Trina: I would absolutely agree with that and I know we need to wind down. So I'll offer my closing thoughts. The US needs to leave Afghanistan. No if-and-but about it. They need to leave. However, they do not need to install anyone and that we would flirt with installing a terrorist says a great deal about how short sighted our government is.

Marcia: As C.I. notes in today's snapshot, Elaine's "Anti-feminist Barack Obama" and Kat's "Afghanistan" covered this region last night so I'd recommend people look there and, specifically, that they read over Sarah Chayes "Comprehensive Plan for Afghanistan January 2009." Yes, it's PDF format and that may not work for all due to computer issues. But if you can, you need to read it. Even if you can't, you can still visit SarahChayes.net and find out more information there.

Ava: Sarah Chayes went to Afghanistan to cover it for NPR. She ended up leaving NPR to work in Afghanistan. This is an issue she is highly knowledgable on.

Marcia: And another reason I happen to like Chayes is she dressed like the locals. Not like the women. She didn't put on burqa. She dressed in the garb the men were wearing. So she made a gesture to the culture and she also refused to take on the sexist element of the clothing as so many Western women do when they go to Afghanistan. They need to follow her example and stop doing that.

Rebecca: Okay, Ruth, Betty and Dona. Closing thoughts?

Betty: I really have a very difficult time talking about this because I am so angry. I cannot believe that the women of Afghanistan, already having suffered so much, are now about to suffer even more and just so the US can grab the easy solution.
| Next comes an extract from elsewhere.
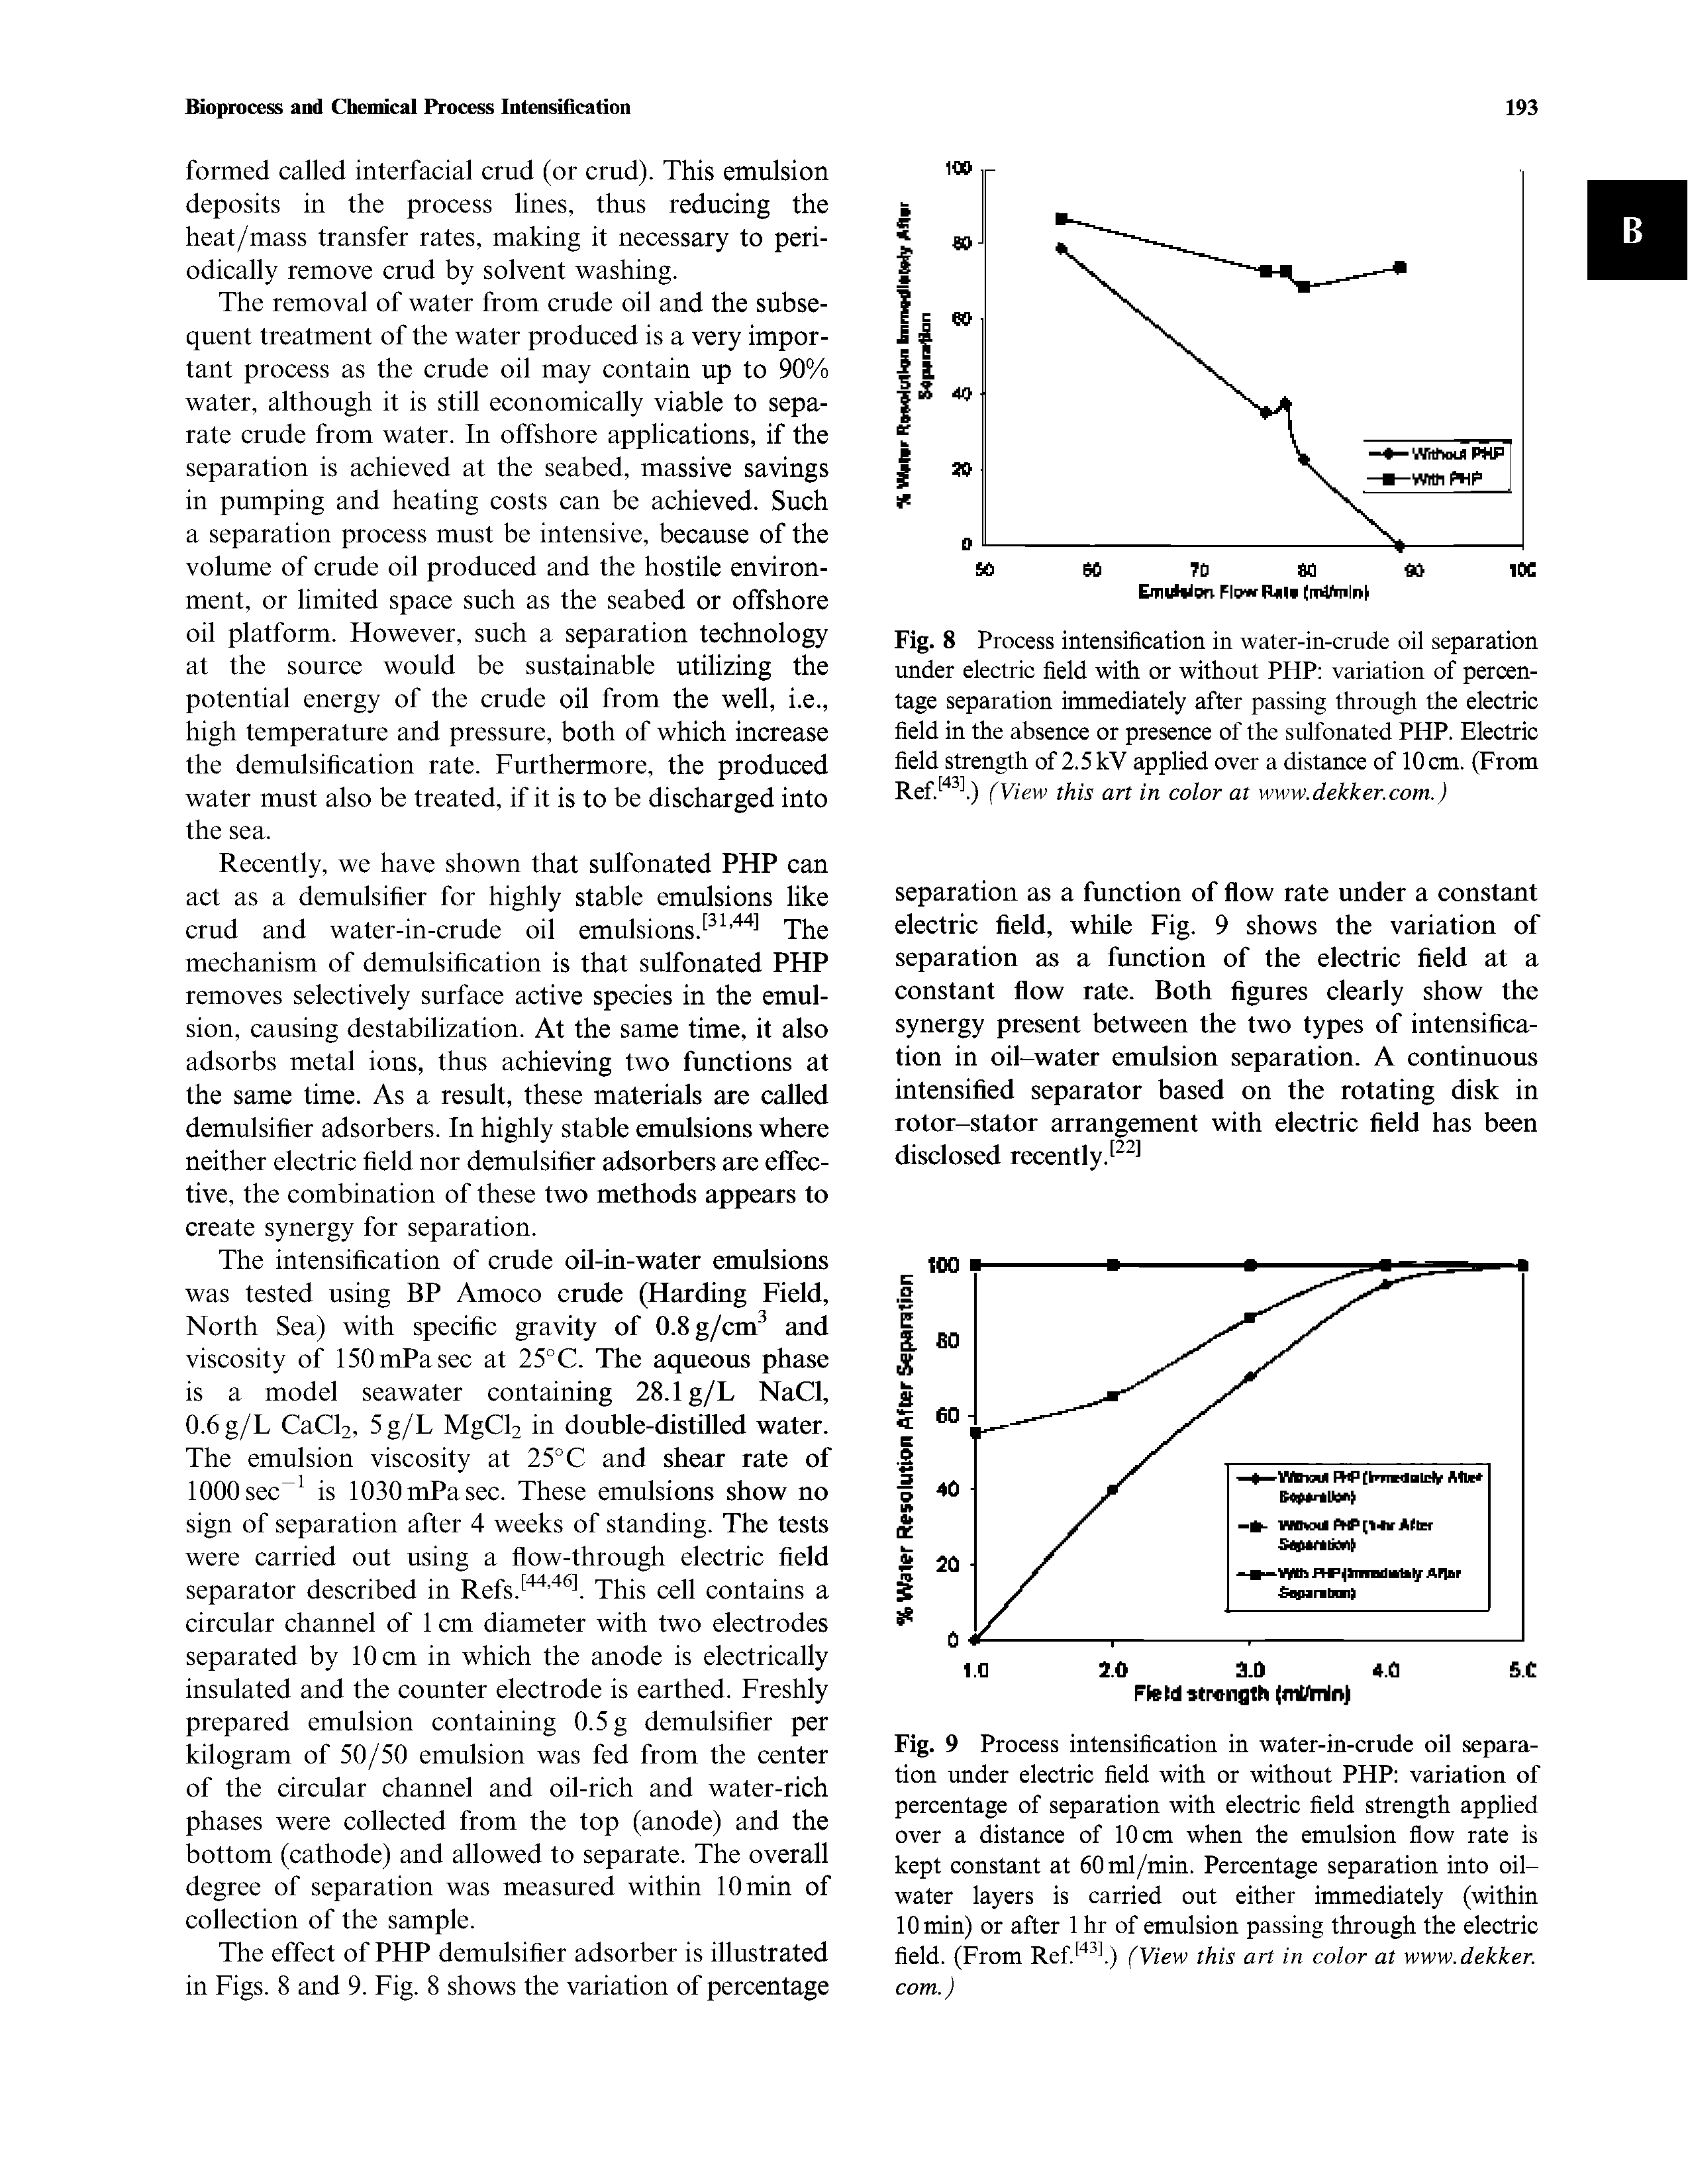 Fig. 9 Process intensification in water-in-crude oil separation under electric field with or without PHP variation of percentage of separation with electric field strength applied over a distance of 10 cm when the emulsion flow rate is kept constant at 60ml/min. Percentage separation into oil-water layers is carried out either immediately (within 10 min) or after 1 hr of emulsion passing through the electric field. (From Ref. " l) (View this art in color at www.dekker. com.)...

I'm not talking withdrawal by 'easy,' I'm referring to the re-installing of thugs.

Ruth: I agree with Bettty and we see this all the time. And it is why we have no real foreign policy. We put in strong men who are dangers to communities and then a generation or two on down the line has to deal with it. And they do not think twice about shoving the same burdens onto future generations. It is very sad we have such a limited and unknowing foreign policy.

Dona: Well I agree with what Betty said and I was going to expand on that but, wow, Ruth, yes. We do create the same problems. This is why the Iraqi women suffer today. The US did the cheap thing -- used thugs to provide 'order.' Thugs are always the ones the baton's handed off to. And over and over, it creates the same problem. Over and over. Well said, Ruth.
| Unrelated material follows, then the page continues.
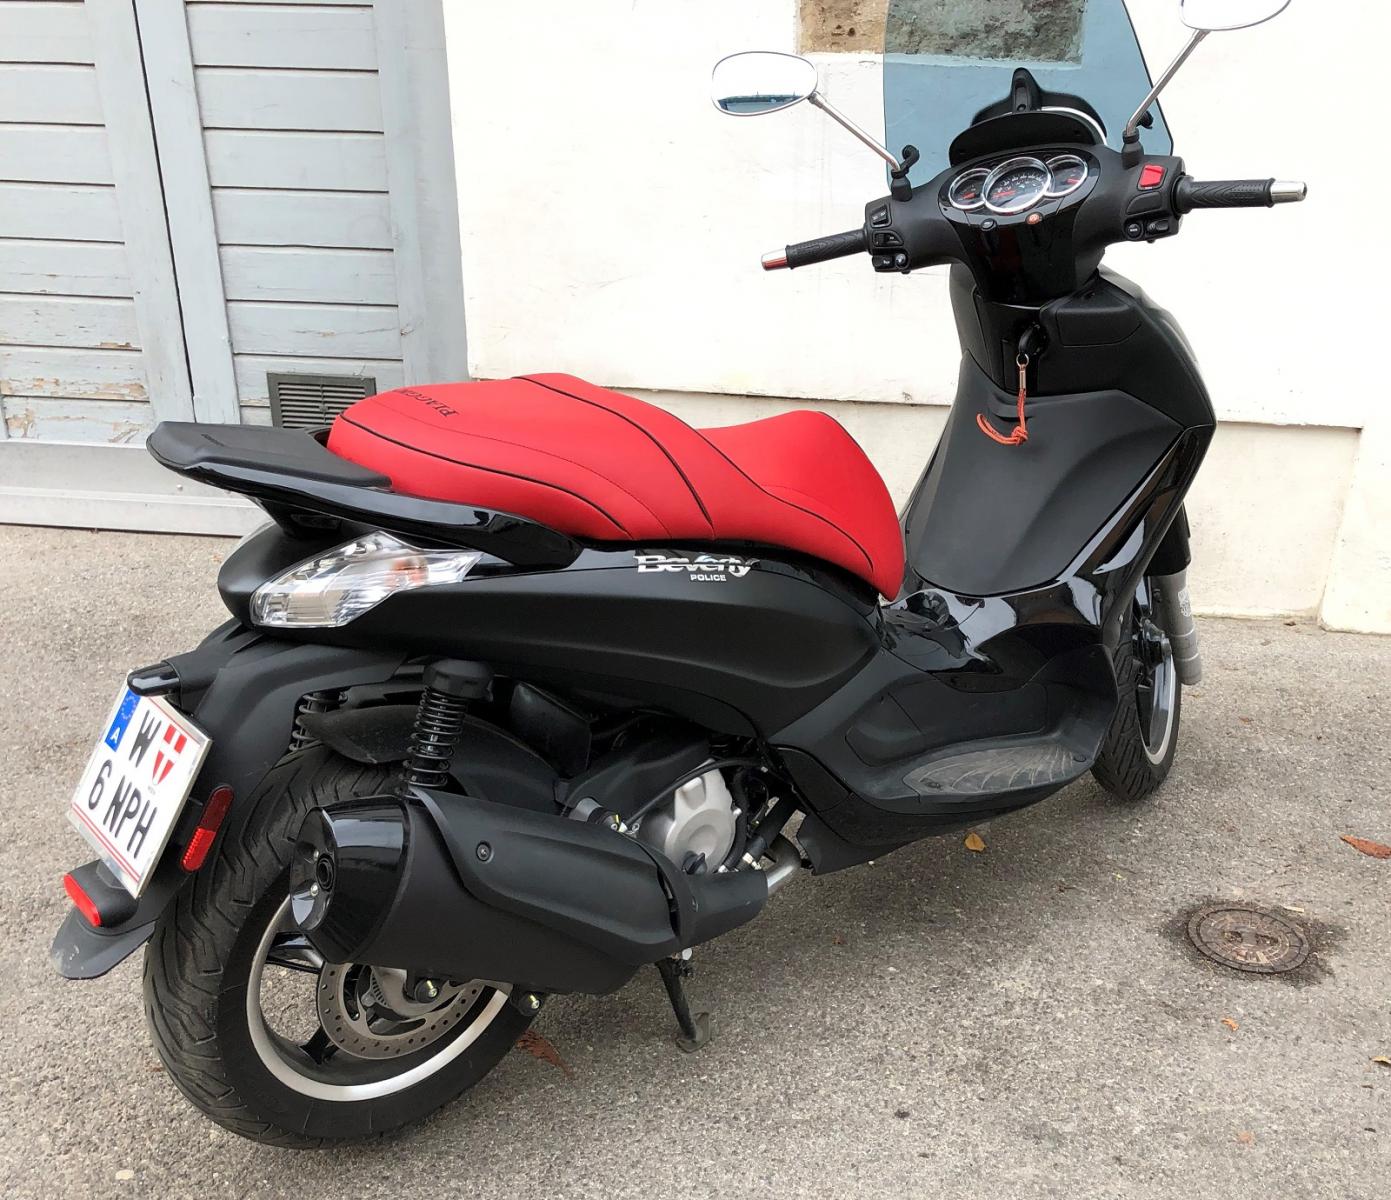 PIAGGIO BEVERLY 350 - Deluxe seats, bags, leg and handgrip covers

Rebecca: Kat, closing thought?

Kat: I keep telling myself that I can be neither surprised nor disappointed by Barack. That I have no faith in him so nothing he does has any reaction other than an eye roll but, boy, does he manage to disappoint even those who were expecting nothing from him.

Ava: I will go along with Kat on that. It's really something and, as she pointed out earlier, what a slap to women around the world for him to have timed his announcement to coincide with International Women's Day. What an insult.

Rebecca: Elaine, closing thoughts will hold for a minute. I'm going to let you have the last word because I'm going off topic for a question Sherry wanted me to ask C.I. Jane Fonda is on Broadway right now in the play 33 Variations. Ben Brantley critiqued it and he writes, "Ms. Fonda's Katherine seems more polite than passionate. This is one instance in which the cinematic restraint of Ms. Fonda's performance works against her. It's hard to credit the words Katherine remembers her 7-year-olddaughter saying to her: 'When you listen to music, Mom, you look like you're talking to God'." Sherry was thinking of seeing, her aunt got tickets, but now she's not sure. C.I., that question is for you.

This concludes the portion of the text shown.